E.g. If you have remodeled your office building and the supplier of the materials was not paid then this supplier would be filing a lien against your building to try to recover his money. In cases when sub-contractors and suppliers aren't paid for their work, project owners are ultimately responsible for these payments.

Many times, when contract agreements are between a general contractor and the project owner, the owner does not come in contact with the lien claimant until the lien process was initiated. As a result of filing a mechanic’s lien, the property owner will face difficulties in selling or refinancing the property without first paying off the debt.

2. Who is eligible to file a lien?

A Mechanic’s lien can be filed by any construction professional who has not been paid for their work or material which includes labor, supplies, or materials for construction work, repair, building, remodeling, more. Eligible people can be:

• Builders

• Contractors

• Sub-Contractors

• Suppliers

• Architects

• Engineers

• Painters

• Carpenters

• Flooring Installers

• Masons

• Plumbers

• Electricians

Moreover, Texas law also allows construction liens to be filed for custom materials specific to a project that was not delivered to the property but cannot be used anywhere else, including tinted paint, specially sized windows, doors, etc.

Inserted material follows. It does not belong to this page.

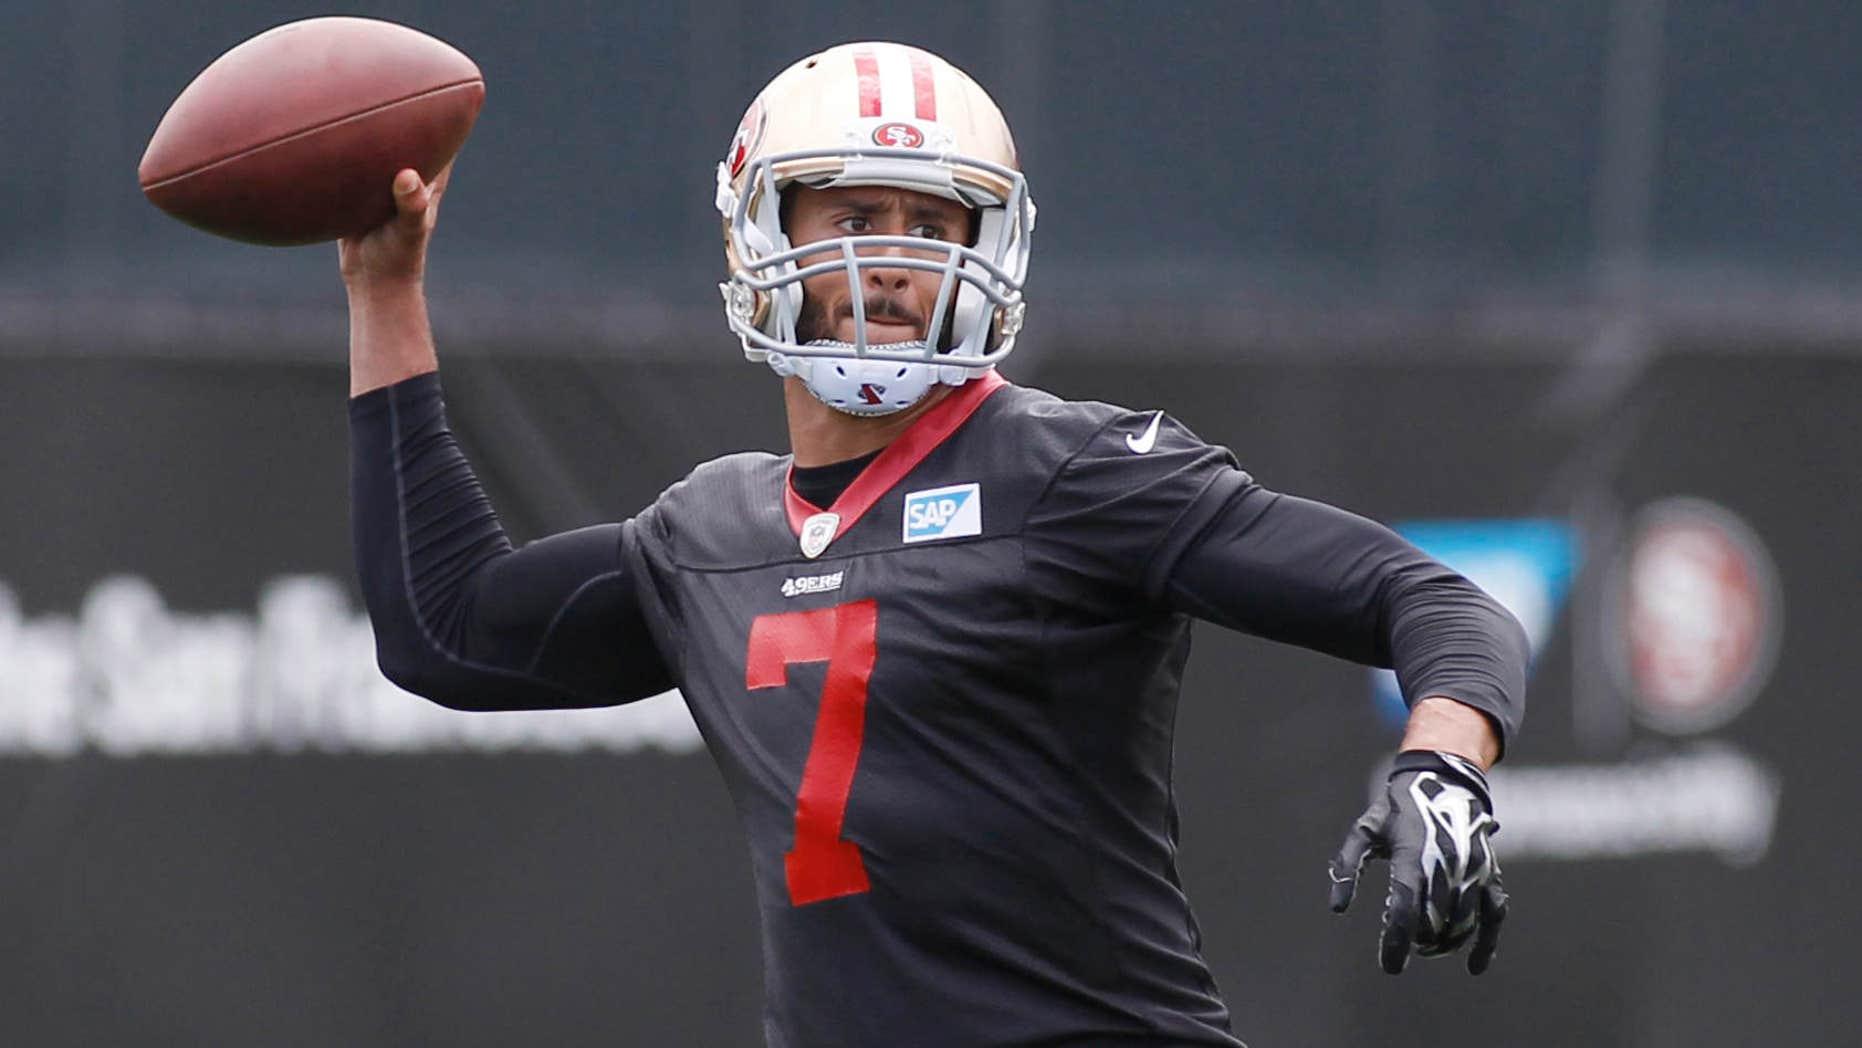 May 21, 2015: San Francisco 49ers quarterback Colin Kaepernick throws the ball during NFL football practice.

3. Which is the important information needed to file a valid lien?


A number of items and information are needed in order to file a valid lien. Failing to provide any of the information can make your lien invalid. Some of the important information required is mentioned below:

• The property owner’s name and address
• The general contractor’s name and address
• The project address and legal description of the property
• A brief description of the work that was done or materials supplied
• The month when the work was provided or when the materials were supplied
• The amount owed

4. What is the process to file a lien?


For commercial projects, subcontractors and sub-subcontractors, prior to a lien filing, preliminary notices must be sent to property owners and the general contractors. This gives them an opportunity to resolve their claims prior to filing a lien affidavit.

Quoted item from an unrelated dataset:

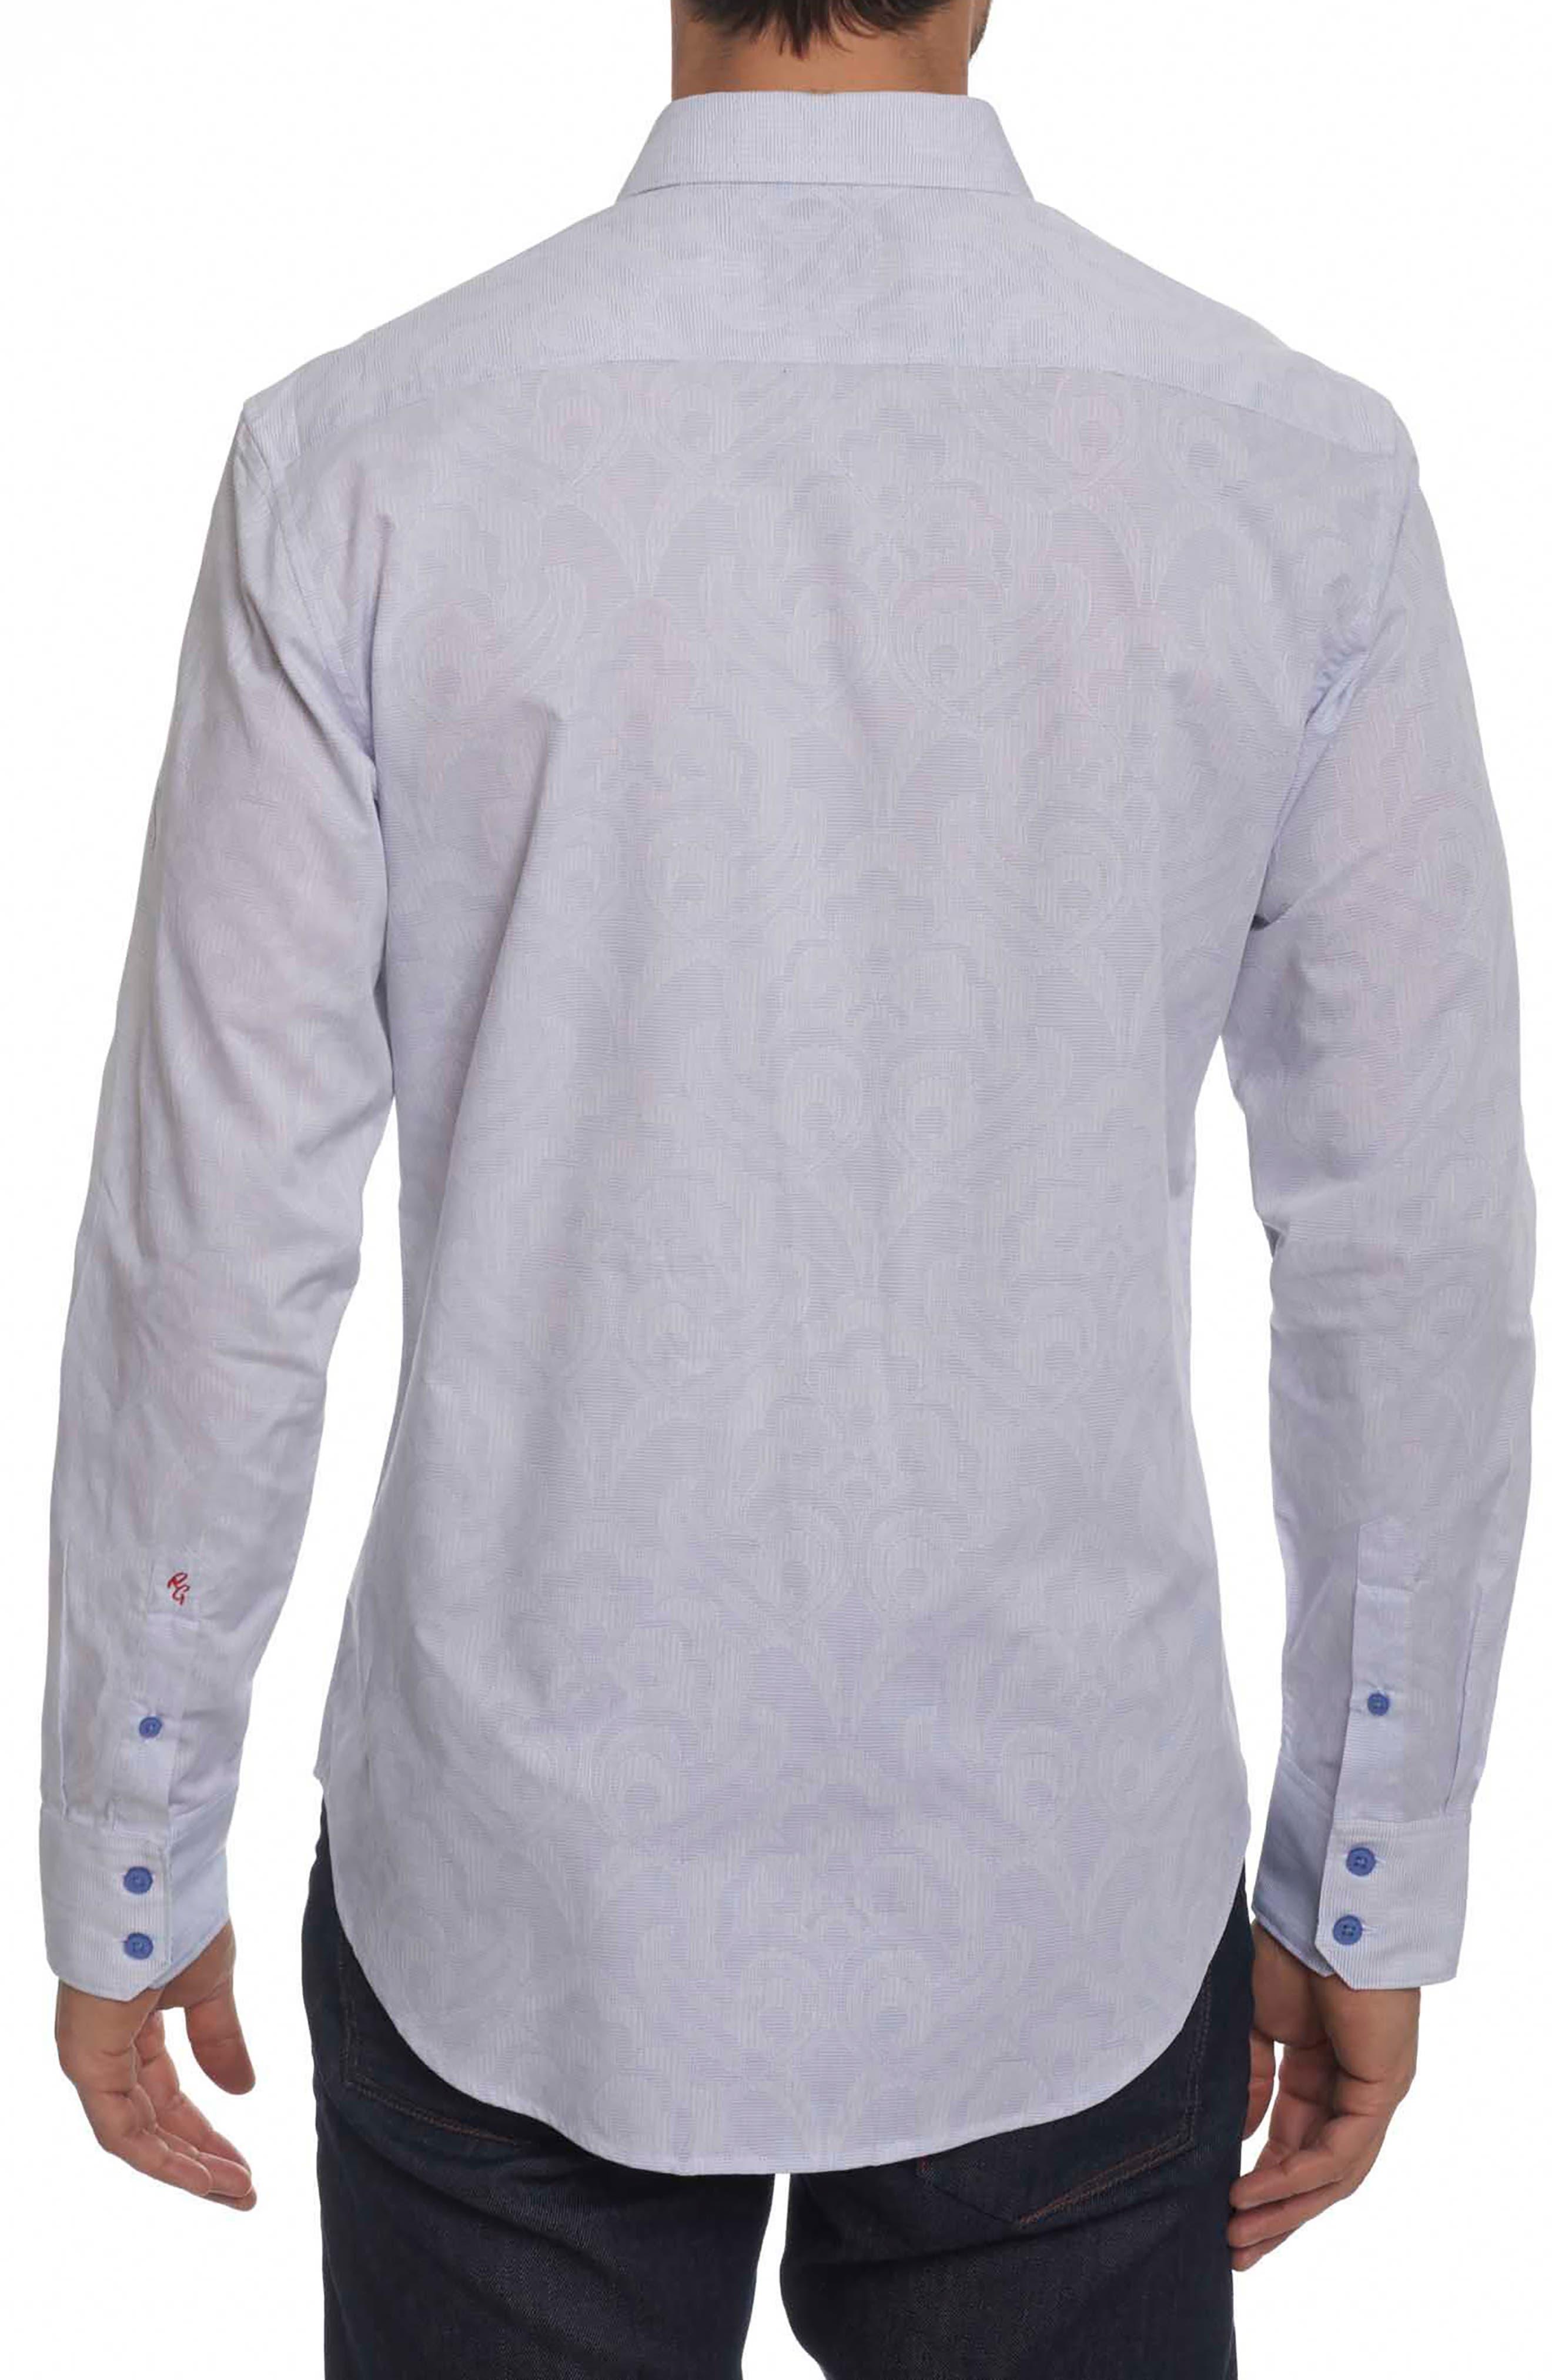 Alex Bay Classic Fit Sport Shirt,                             Alternate thumbnail 2, color,                             White

For residential projects, the first notice that is sent is the formal intent to file a lien, sent to general contractor and owner. This is sent on the 15th day of the second month after the first work was done or materials were supplied that you owned money for. These notices are to be sent certified with the specific statutory language.

For a residential project, a notice has to be sent to the general contractor stating the pending dues for the work done, letting them know that they owed money for the project. This notice must be sent by the 15th day of the third or second month after the unpaid work was done or materials were supplied. The next letter is formal intent to lien which is sent to both general contractor and property owner. The notice needs to be sent on the 15th day of the third month after unpaid work was performed or materials supplied.

A lien filed without sending notices is invalid.

The next step if to file an Affidavit of Mechanic Lien, for your delayed payments. The affidavit is an official document claiming the lien and must be filed in the real property records of the Country Clerk's office in the county where the project is located. Importantly, the timelines to file a lien have different start dates than the notice letters. Also, as the claimant, once you have filed an M&M lien, you also need to file a court of action to enforce the lien within one year for residential liens and two years for non-residential liens.

5. How to know your deadlines in order to remain within guidelines to file a valid lien?

Missing out one deadline even by a day in Texas would result in an invalid lien. Since all the deadlines & recipients vary depending on the project. You need to be very much sure that the deadlines are met on time so the lien is valid.

This article is intended as a general educational overview of the subject matter and is not intended to be a comprehensive survey of recent jurisprudence, nor a substitute for legal advice for a specific legal matter.